Return all of the data exactly, omitting any images.

DATA BELOW:
══════════

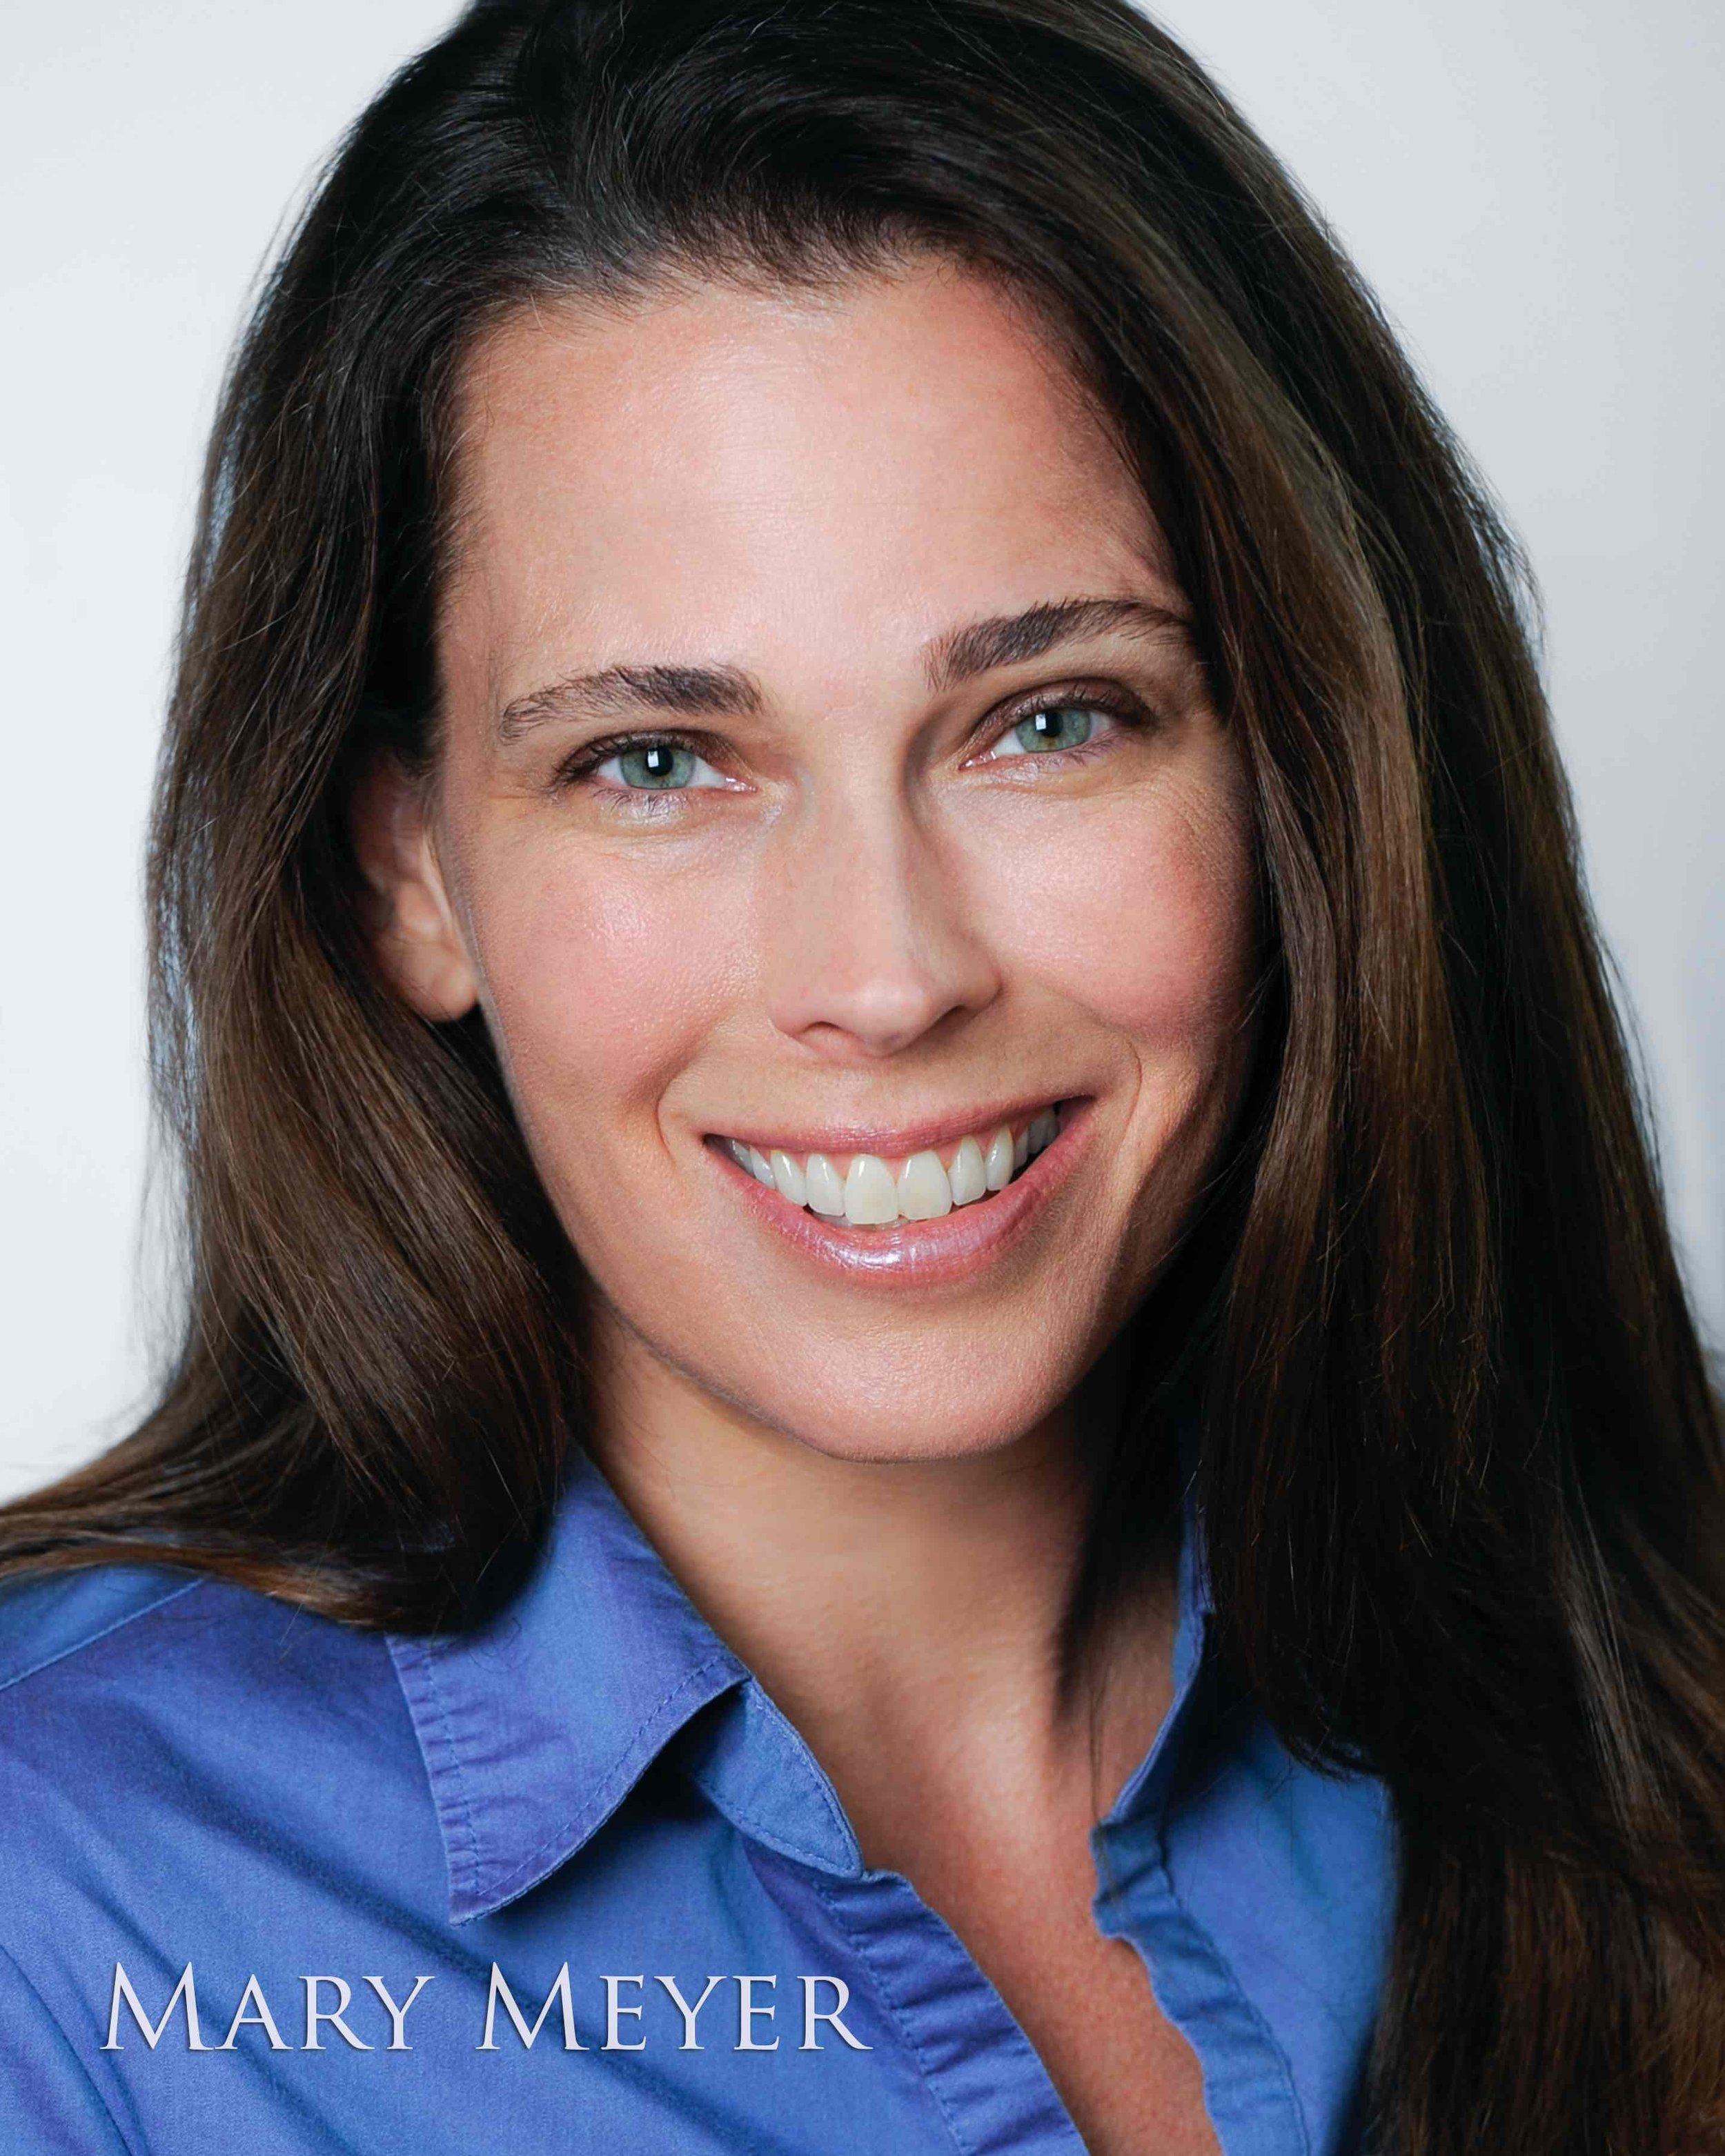 Mary Meyer headshot commercial.jpg
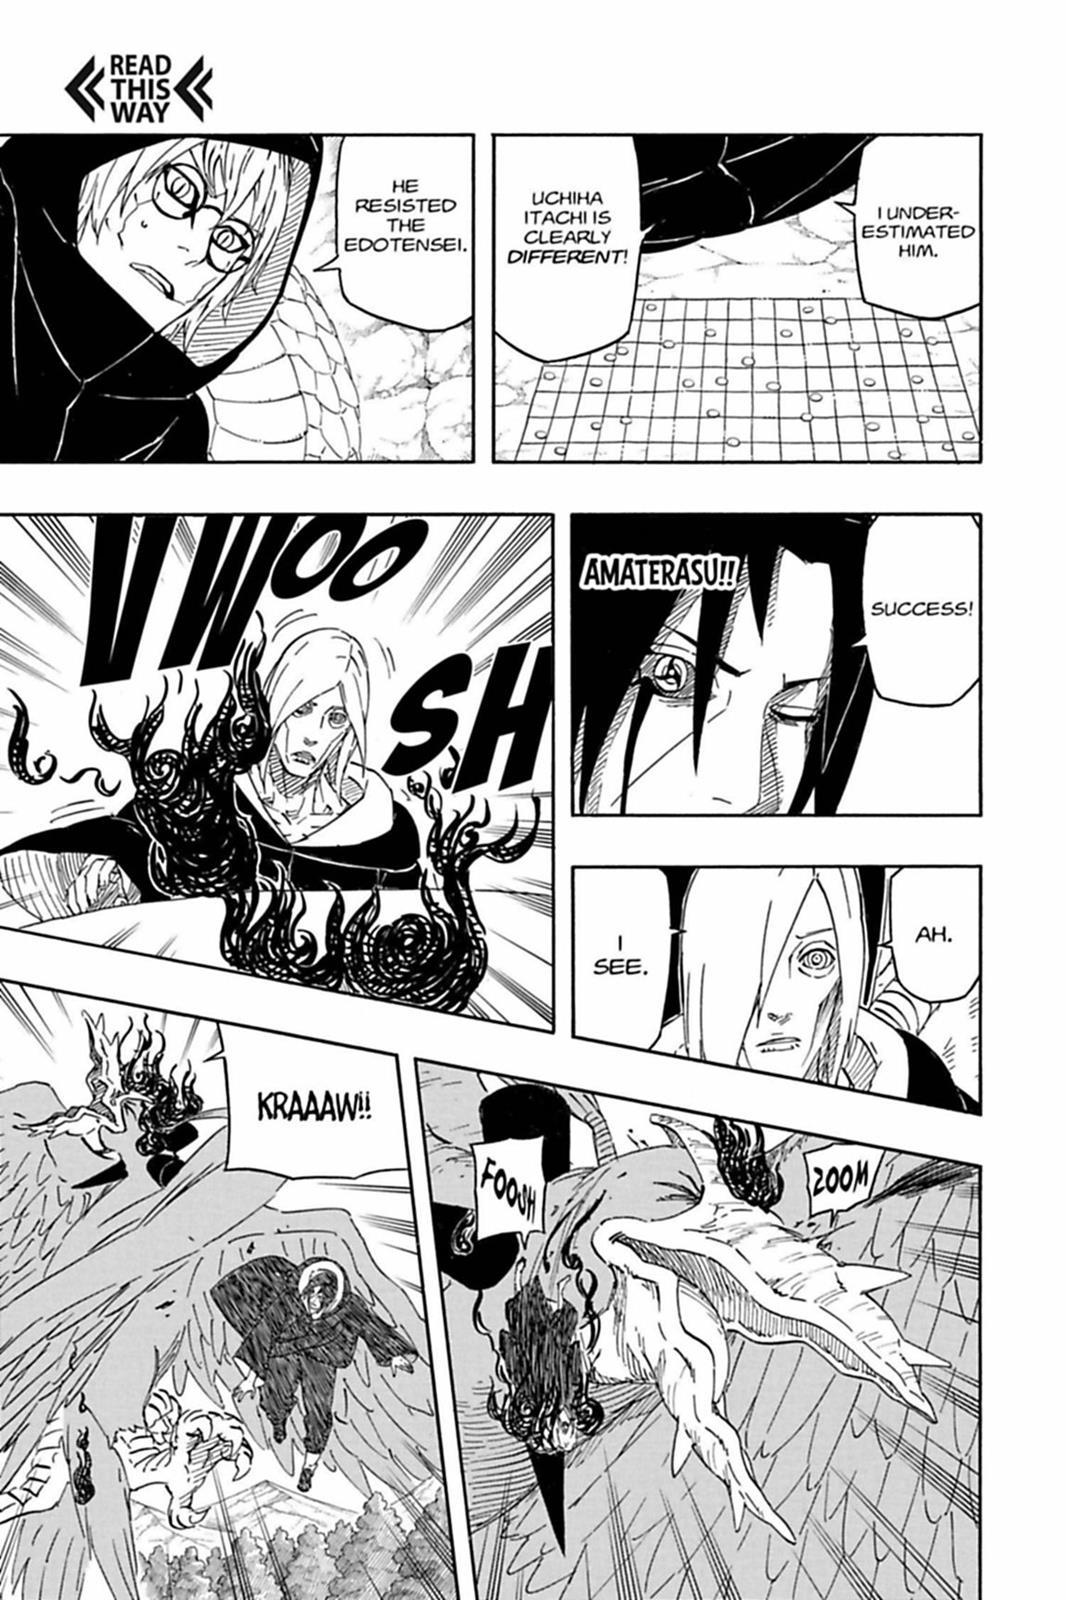 Segundo Kabuto, Itachi está acima de Nagato, Bee e Naruto KM. 0550-007
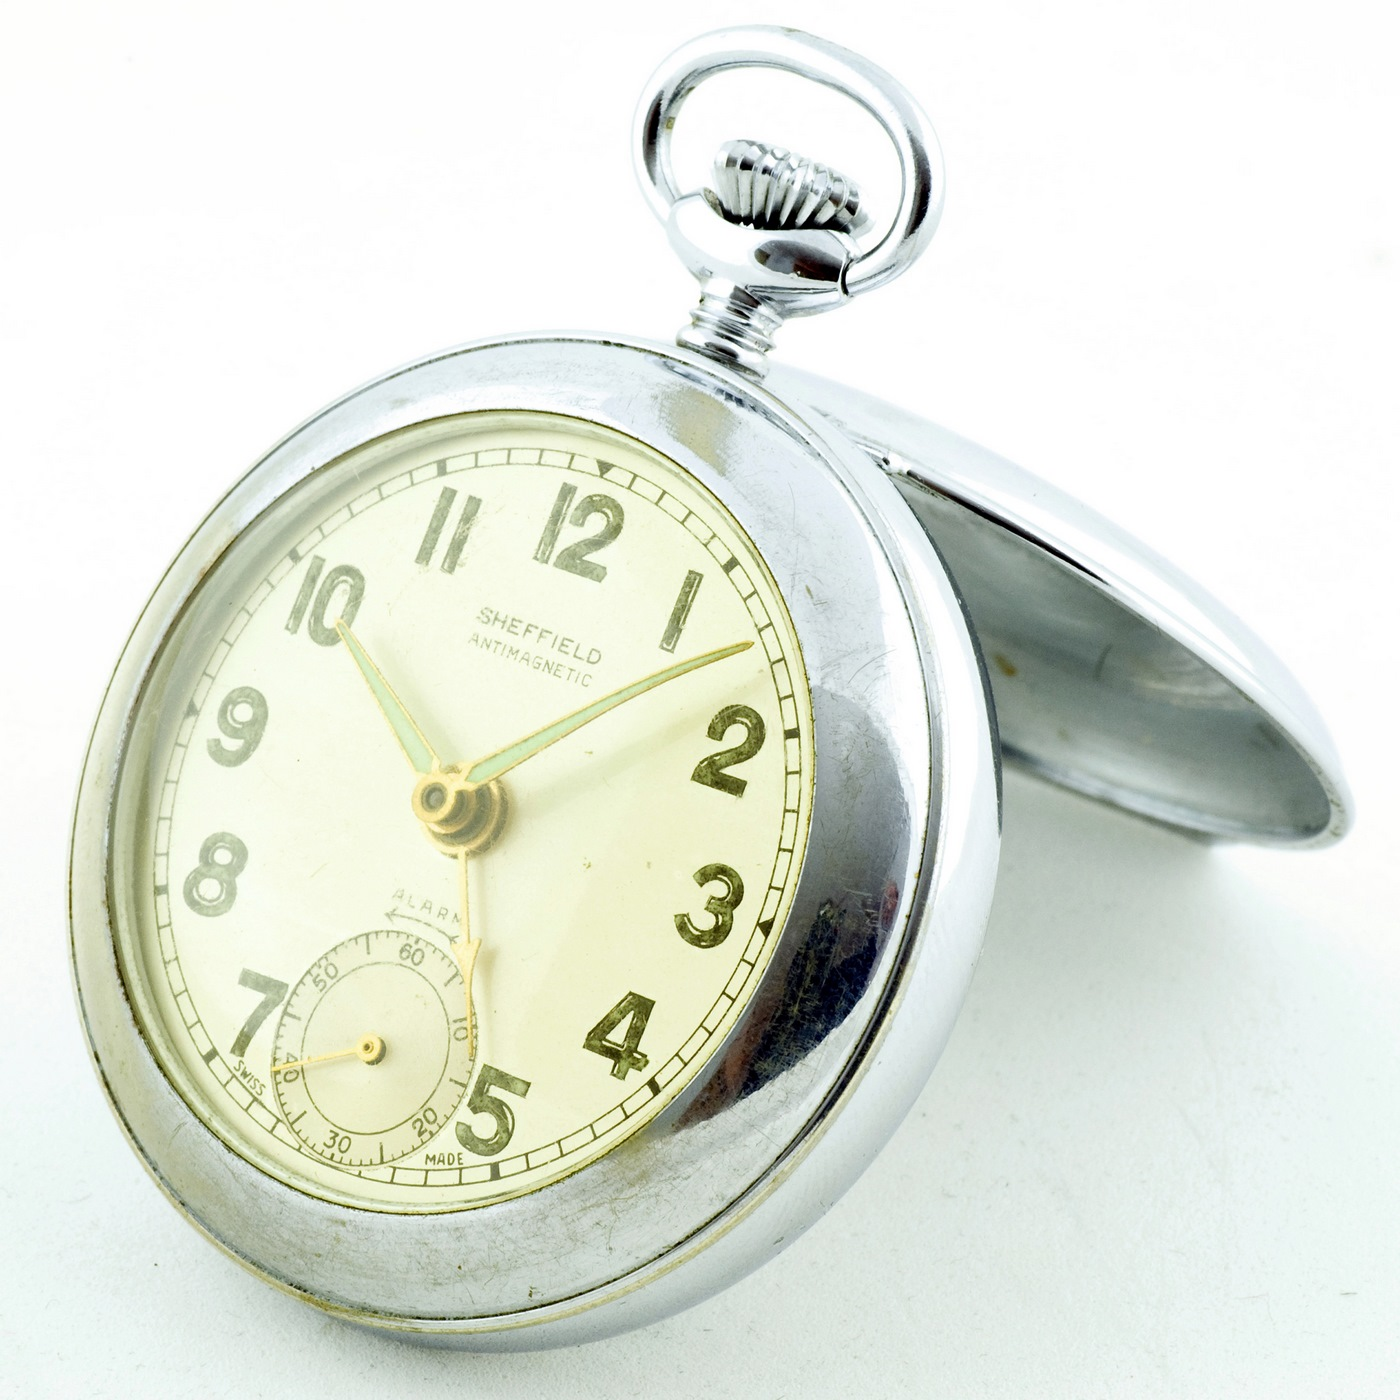 Reloj Suizo Despertador de bolsillo, sobremesa, lepine y remontoir. Sheffield, ca. 1940.

══════════

RESPONSE BELOW:
 Mary Meyer headshot commercial.jpg
 Segundo Kabuto, Itachi está acima de Nagato, Bee e Naruto KM. 0550-007
 Reloj Suizo Despertador de bolsillo, sobremesa, lepine y remontoir. Sheffield, ca. 1940.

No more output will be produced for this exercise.